◆ Problem details ◆
Return the listing below exactly, with the pictures dropped.

◆ Supplied material ◆
----

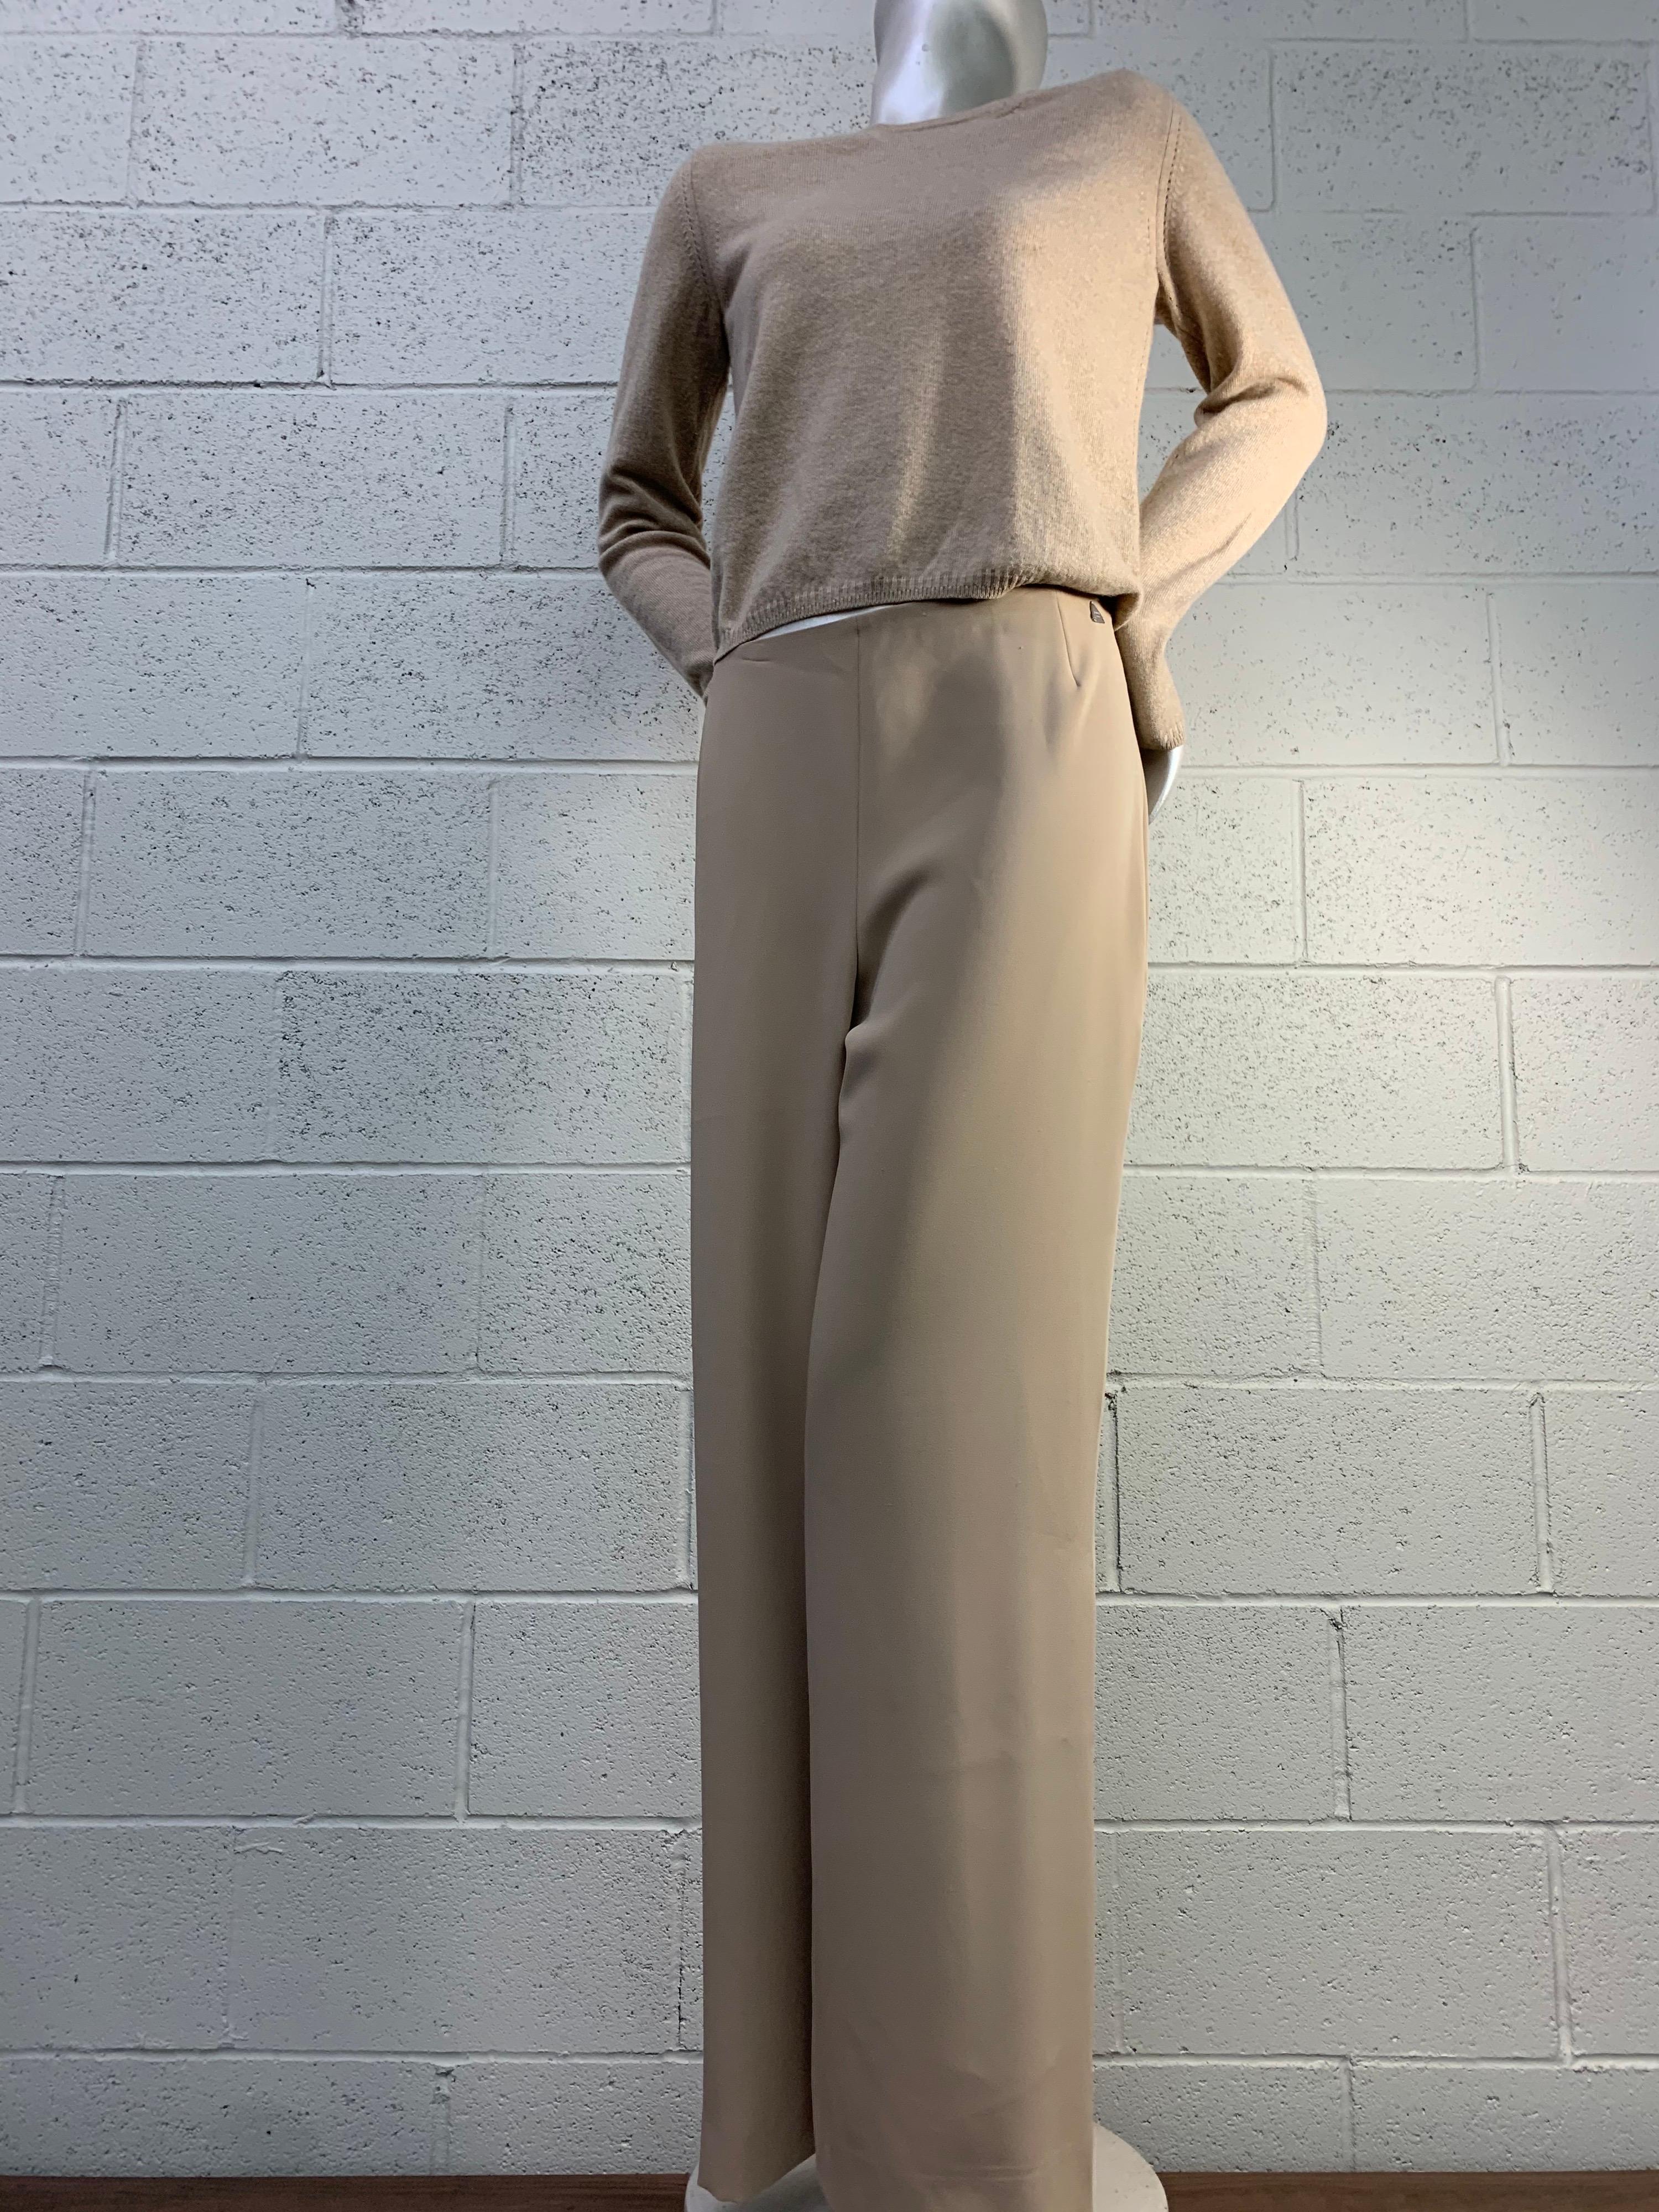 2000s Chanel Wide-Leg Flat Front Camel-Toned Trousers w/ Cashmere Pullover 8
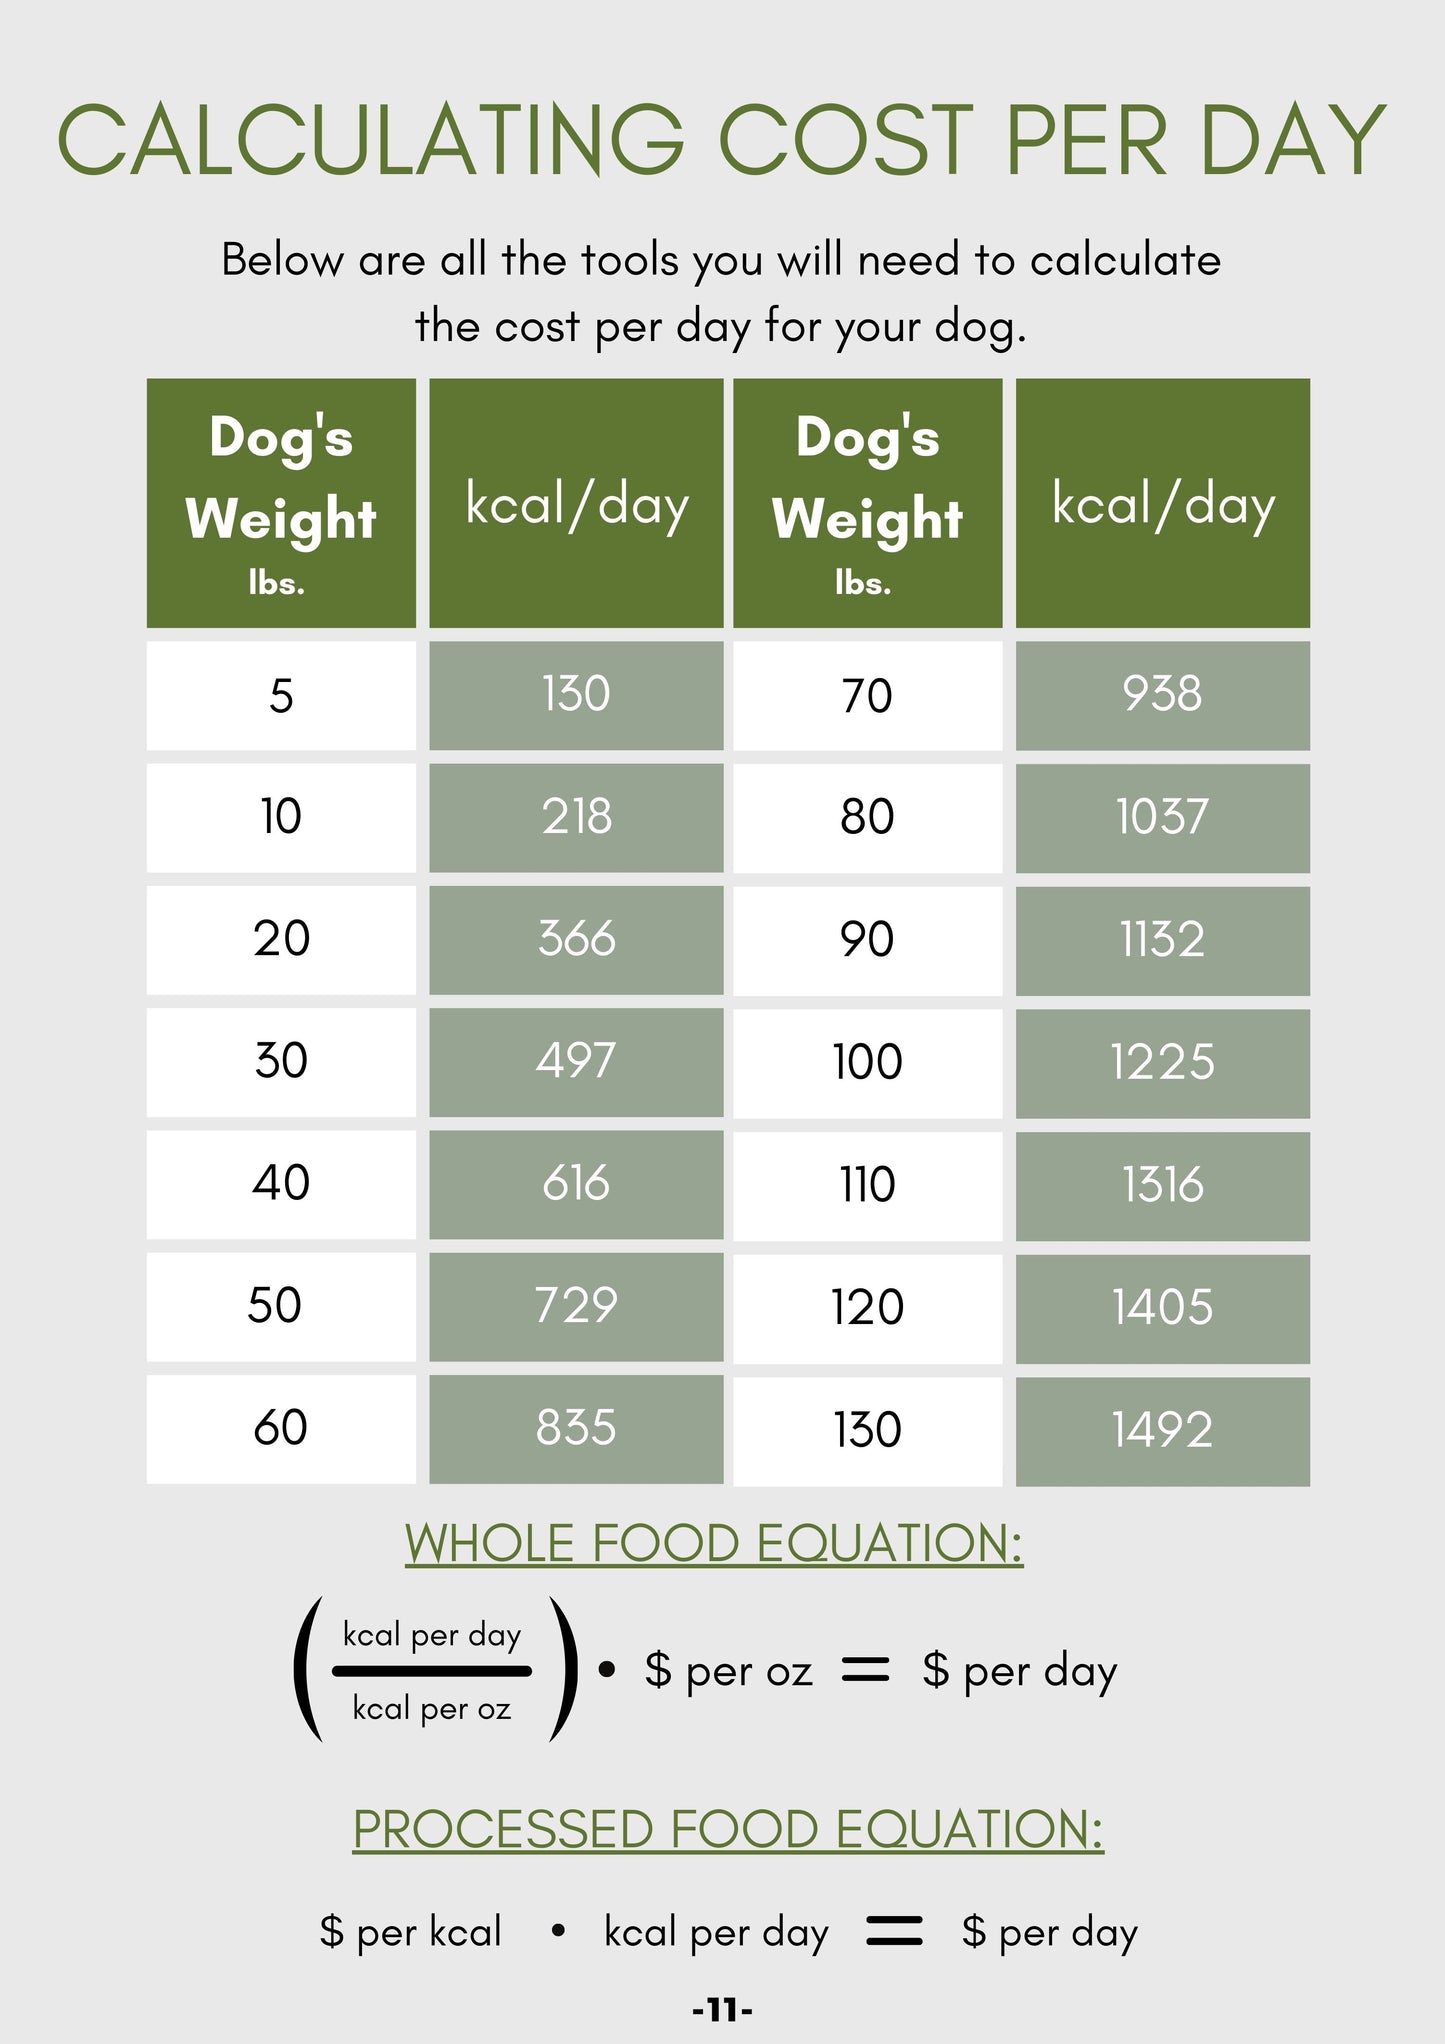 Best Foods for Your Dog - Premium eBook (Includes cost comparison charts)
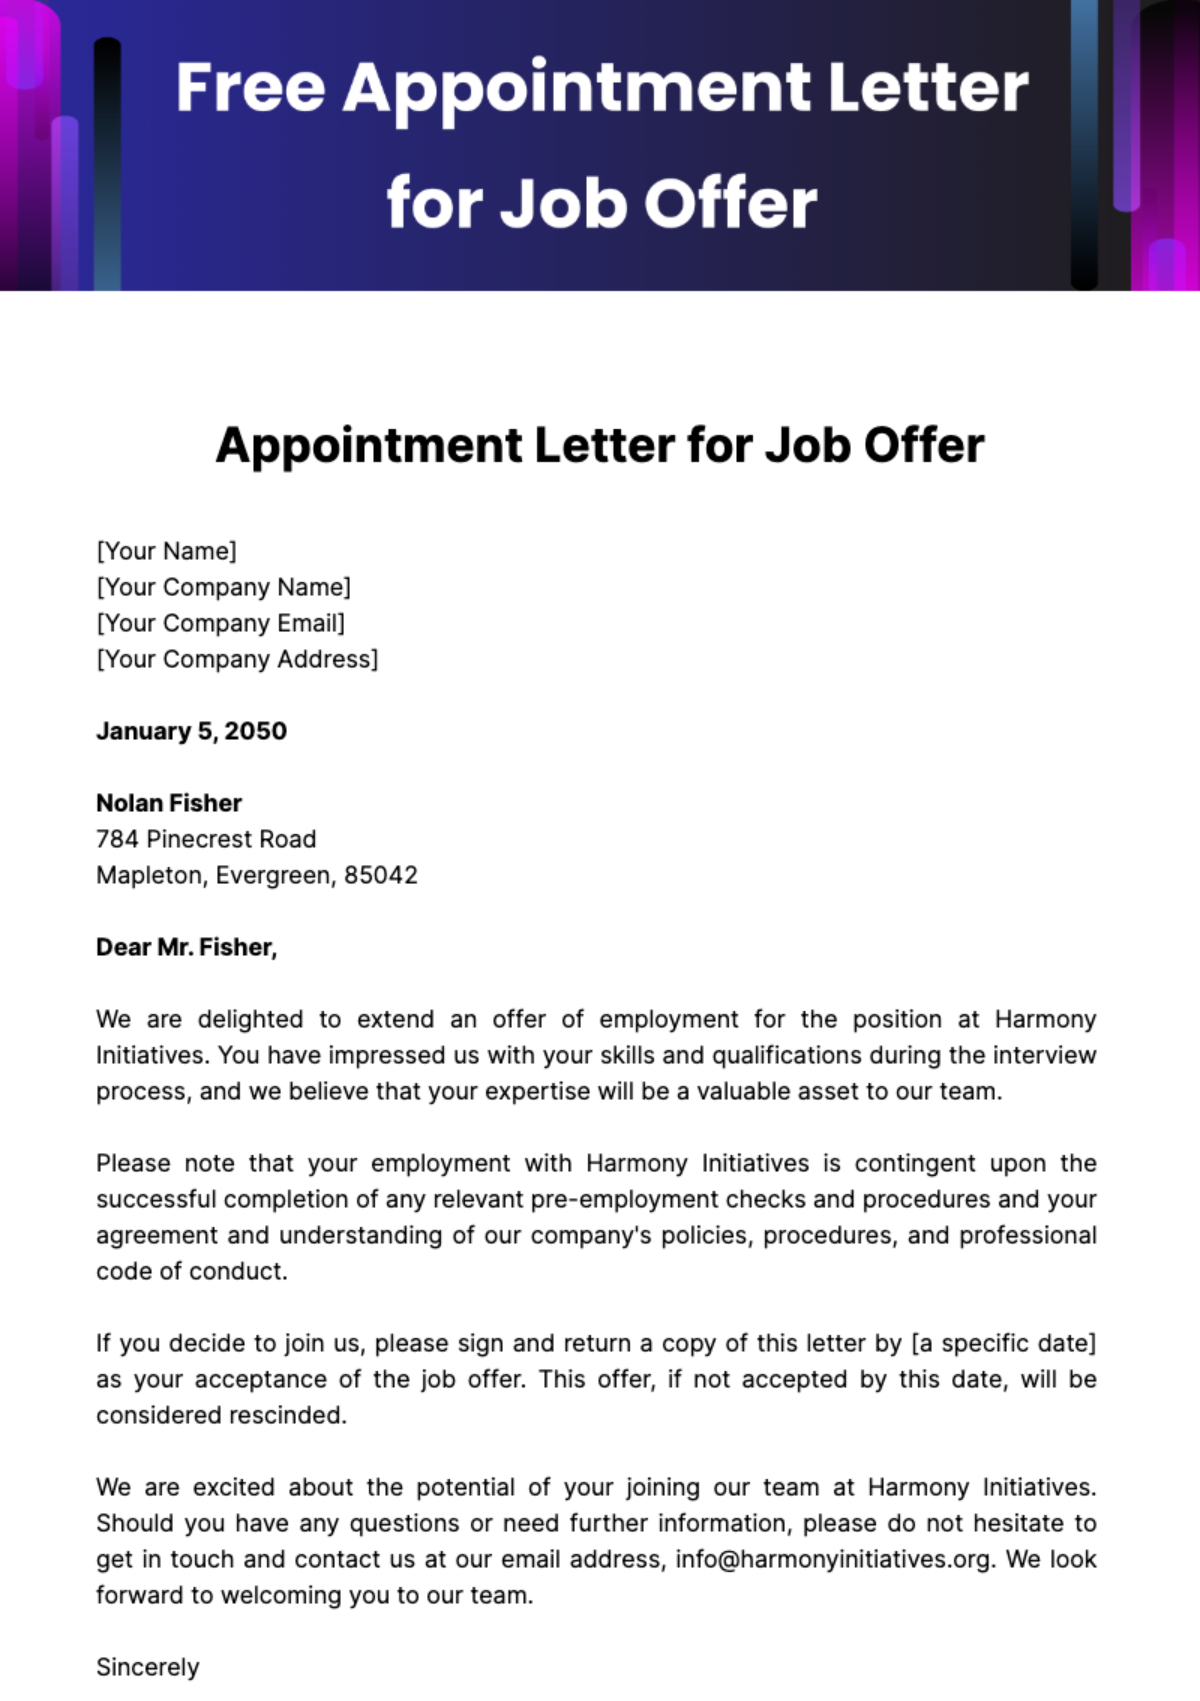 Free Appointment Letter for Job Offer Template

----

◆ Task output ◆
 2000s Chanel Wide-Leg Flat Front Camel-Toned Trousers w/ Cashmere Pullover 8
 Best Foods for Your Dog - Premium eBook (Includes cost comparison charts)
 Free Appointment Letter for Job Offer Template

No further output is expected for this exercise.